Visitors own interpretations are instantly displayed right next to the specimens, Demonstrating that visitors and museums have a joint responsibility for and be seen as an active agent in determining learning priorities.We want to give visitors active learning experiences and opportunities to engage in the museum’s work and feed into how our museums should be run, opportunities for them to tell us what they know and need to know about the life sciences, what issues they care about and want museumsto raise. Creating a truly individual museum learning experience. The Grant museum is a small museum with a small staff, QRator was created with curatorial input, but ultimately it is classed as a technology project and evaluated as such.

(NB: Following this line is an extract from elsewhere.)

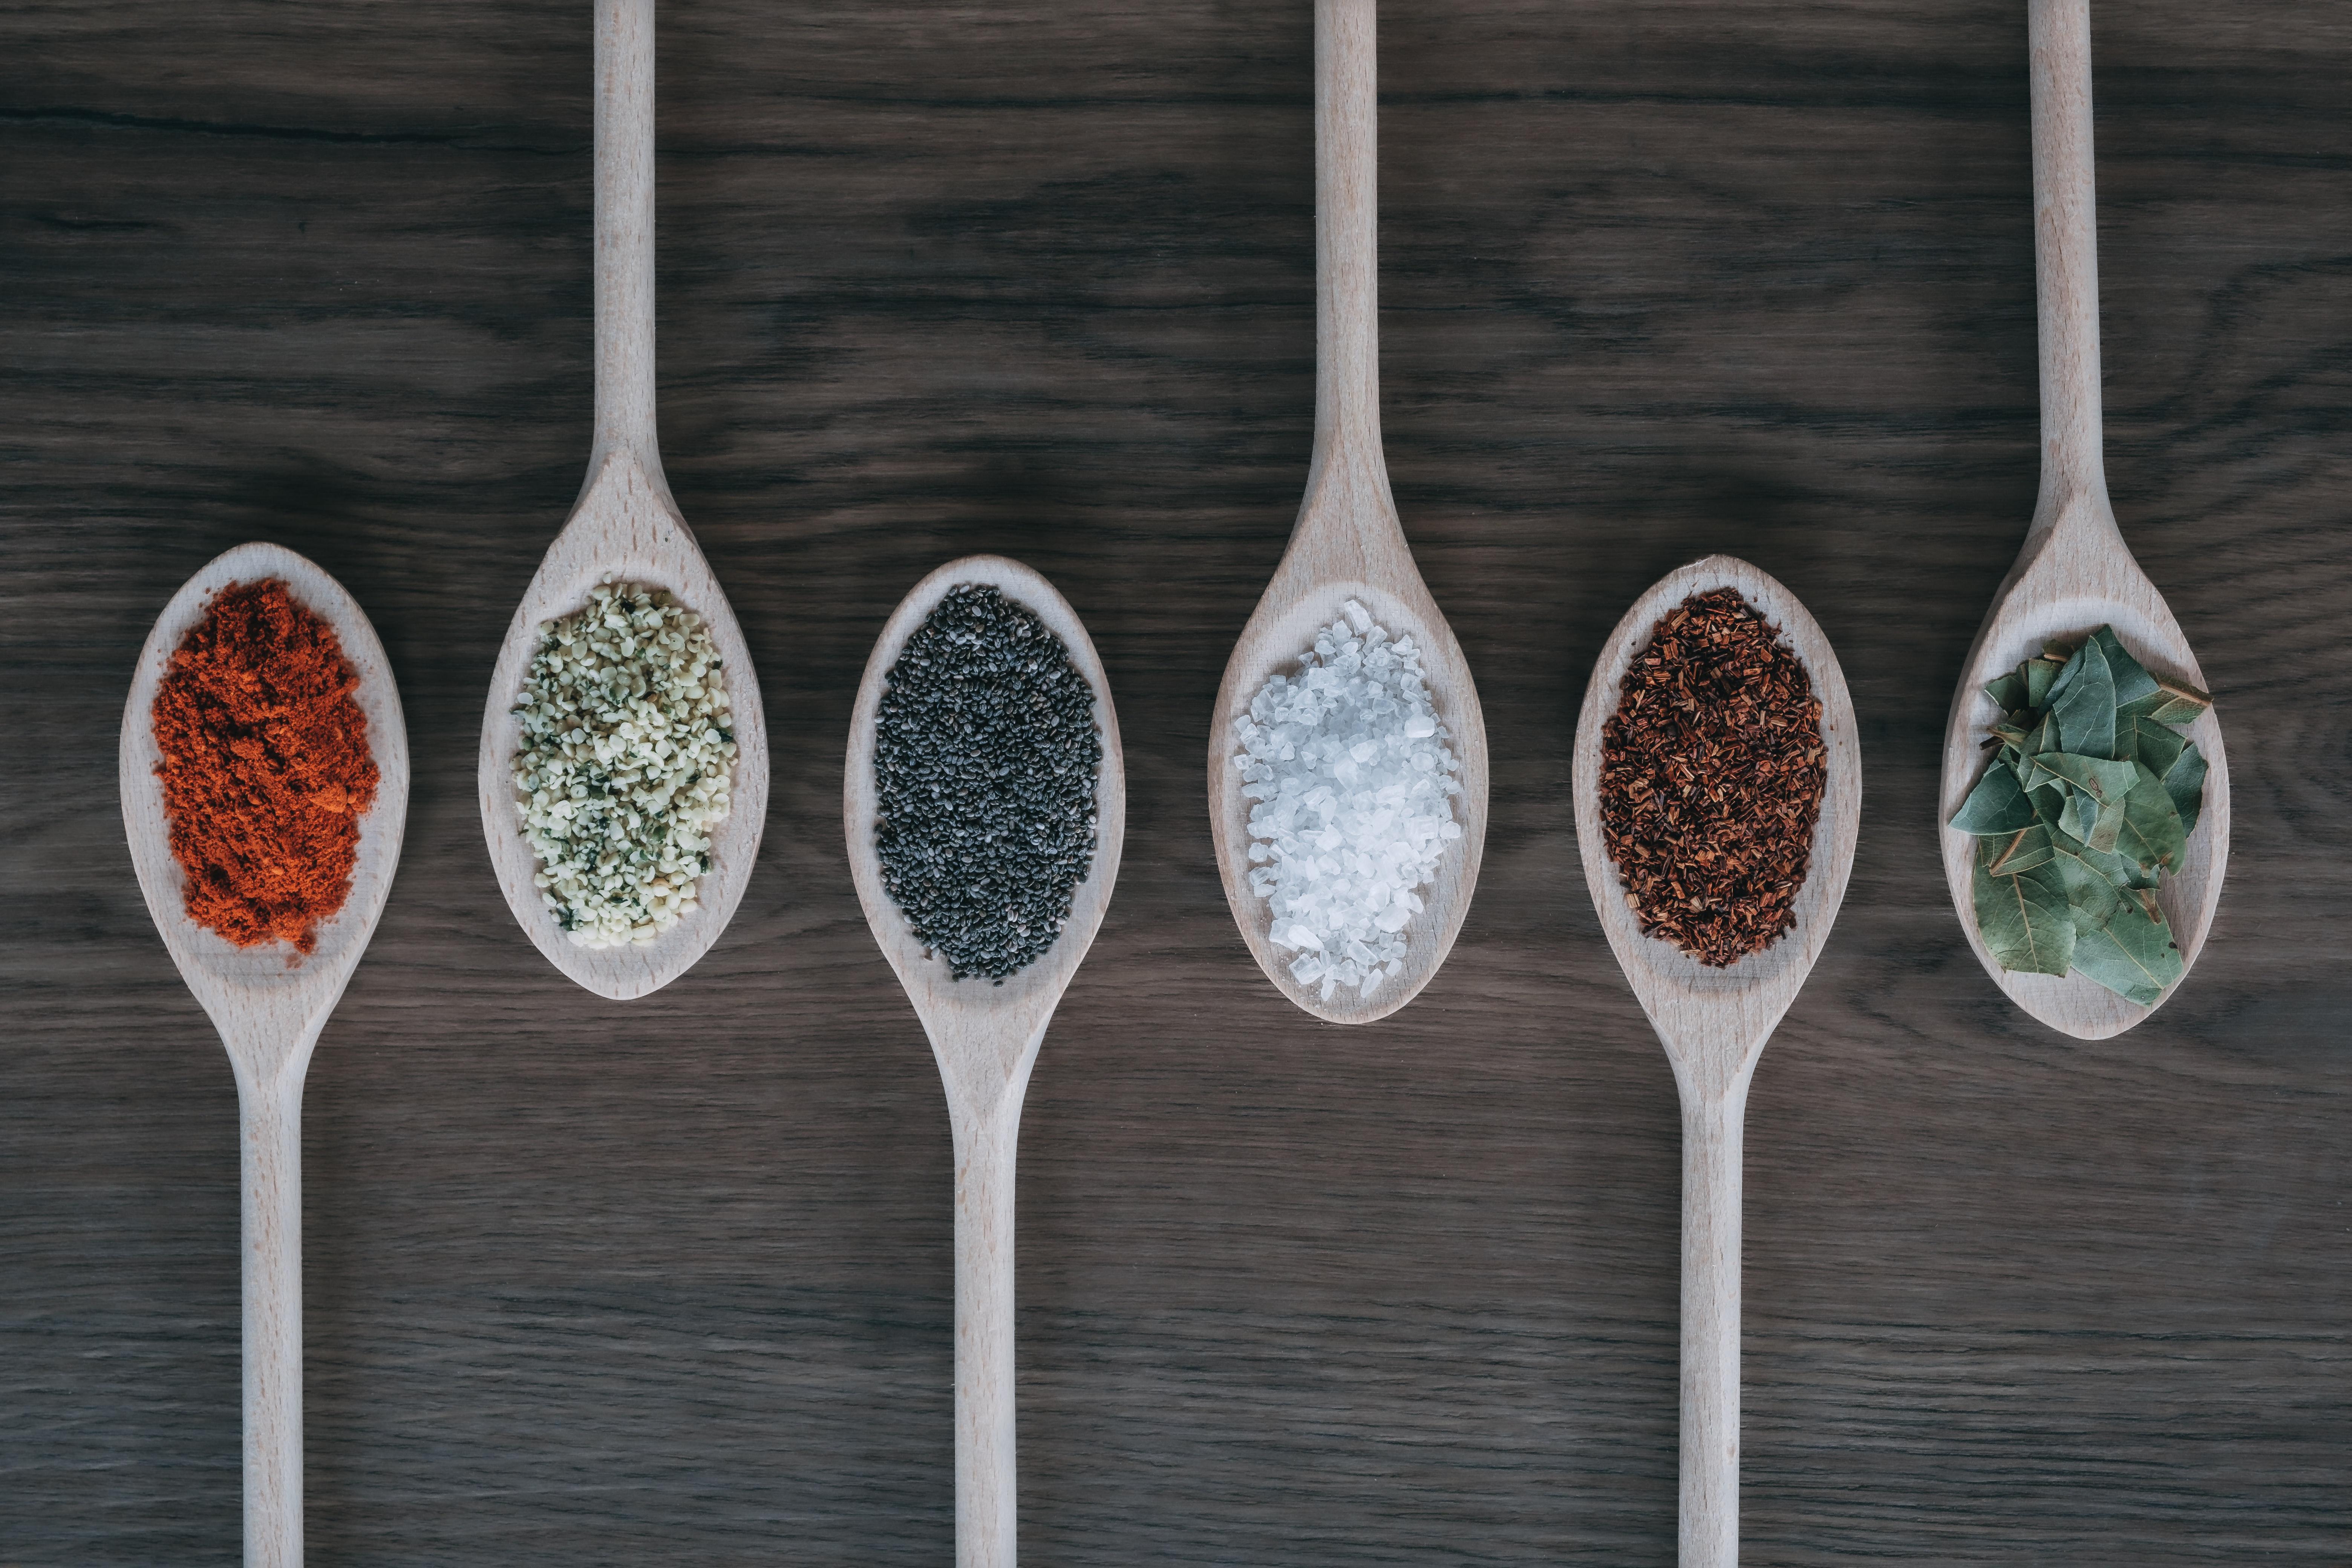 Enfermedades autoinmunes y sistema inmunológico, ¿cómo influye la nutrición?

I’m not saying this is the right way to deliver personalised learning, QRator throws out more questions than it answers. What are the key issues that museums need to address when planning future opportunities for personalised learning with digital technologies? Is the ability to add their own interpretation, and to think about choices museums make encourage critical thinking and personalised learning?Can you create meaningful digital learning experiences with the visitor? Can you create meaningful digital learning experiences without the visitor?And if you can, can its impact on learning be evaluated?

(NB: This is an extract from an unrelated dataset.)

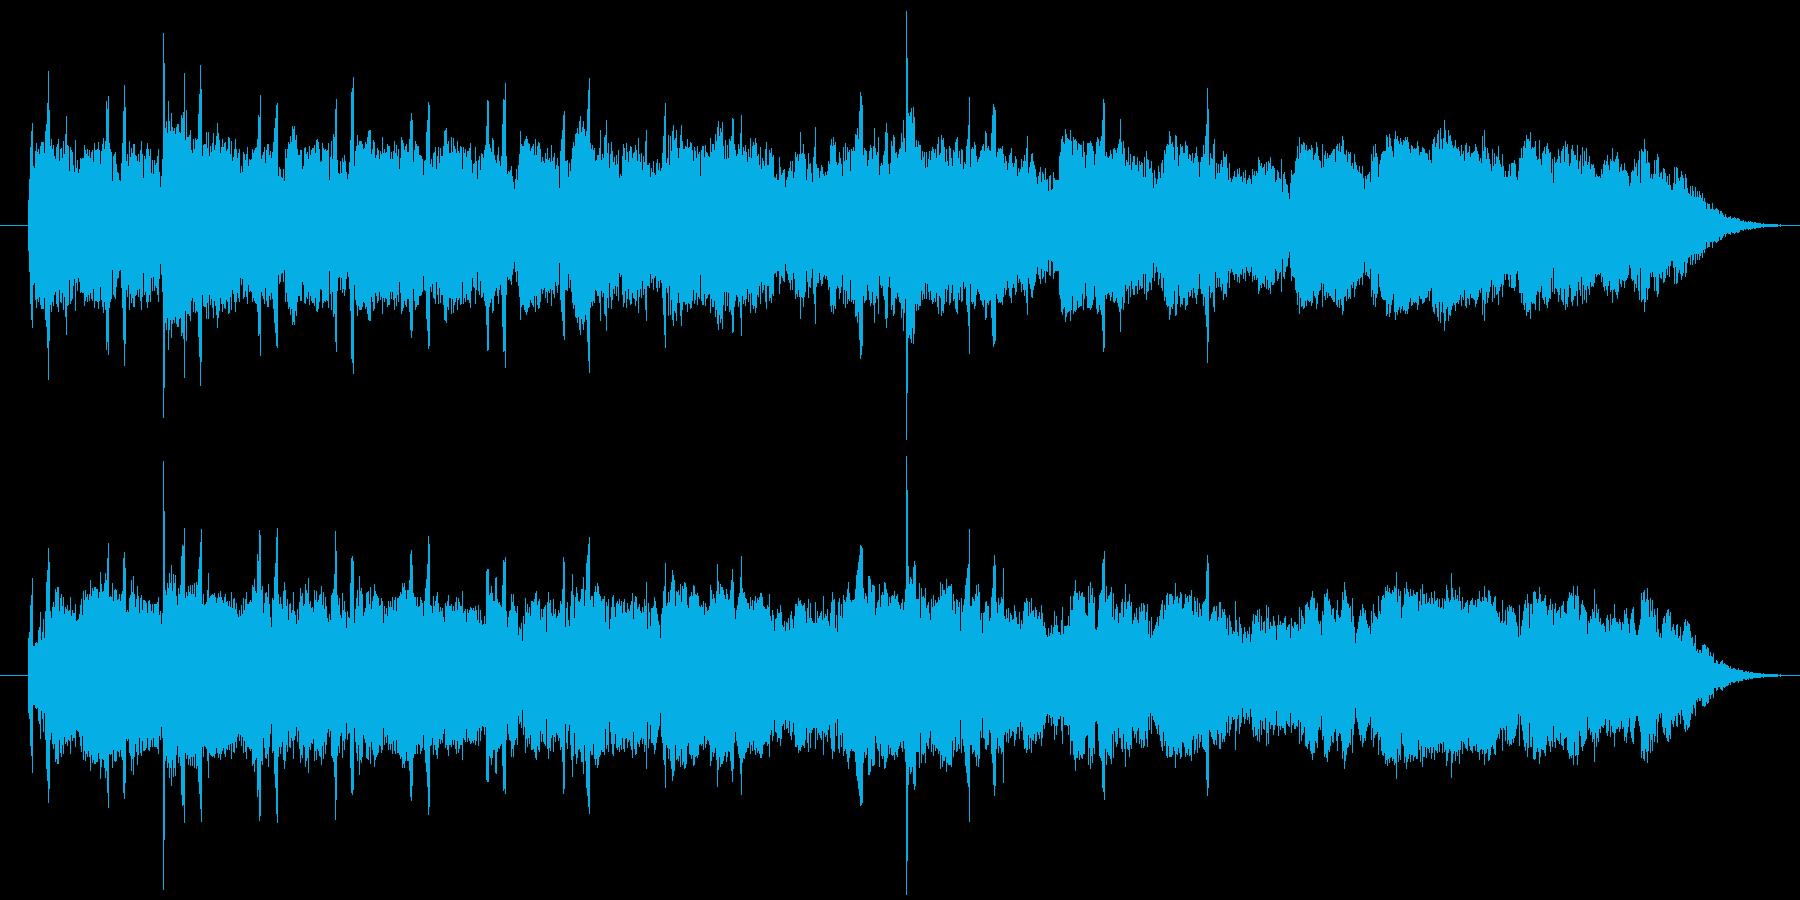 調性のないノイジーで不気味なサウンドの再生済みの波形

The next case study is a collaborative project with The Imperial War Museum, UCLDH, CASA and Knowledge Integration. Funded by the NESTA R&D fund. Research and development project testing whether the application of social media models to cultural collections successfully increases audience engagement and reach. aims are to increase Engagement, comprising elements of comment, debate, consumption of more of the collection and increased time spent exploring content; and Spread, which encompasses different people and different places, for example interaction with the collections pre- and post-visit, at home or via mobile.embedding the audience voice and input throughout a museum’soutput.This project is within the New Media department at IWM. There are no formal learning outcomes associated. What does that say about digital technology and learning?
Again raising more questions than we have answers, and these are some of the issues I don’ think we have even begun to consider when it comes to creating digital learning strategies for cultural institutions. So it comes back to the three key questions of the panel: ‘what do we mean by learning in a digital context?’, ‘what kind of learning do we want to encourage?’ and how do we know if learning is taking (or has taken) place? If we dont know these questions or that digital projects that have brilliant potential for learning experiences are even being produced within our own institutions how can we begin to think strategically and operationally about digital learning?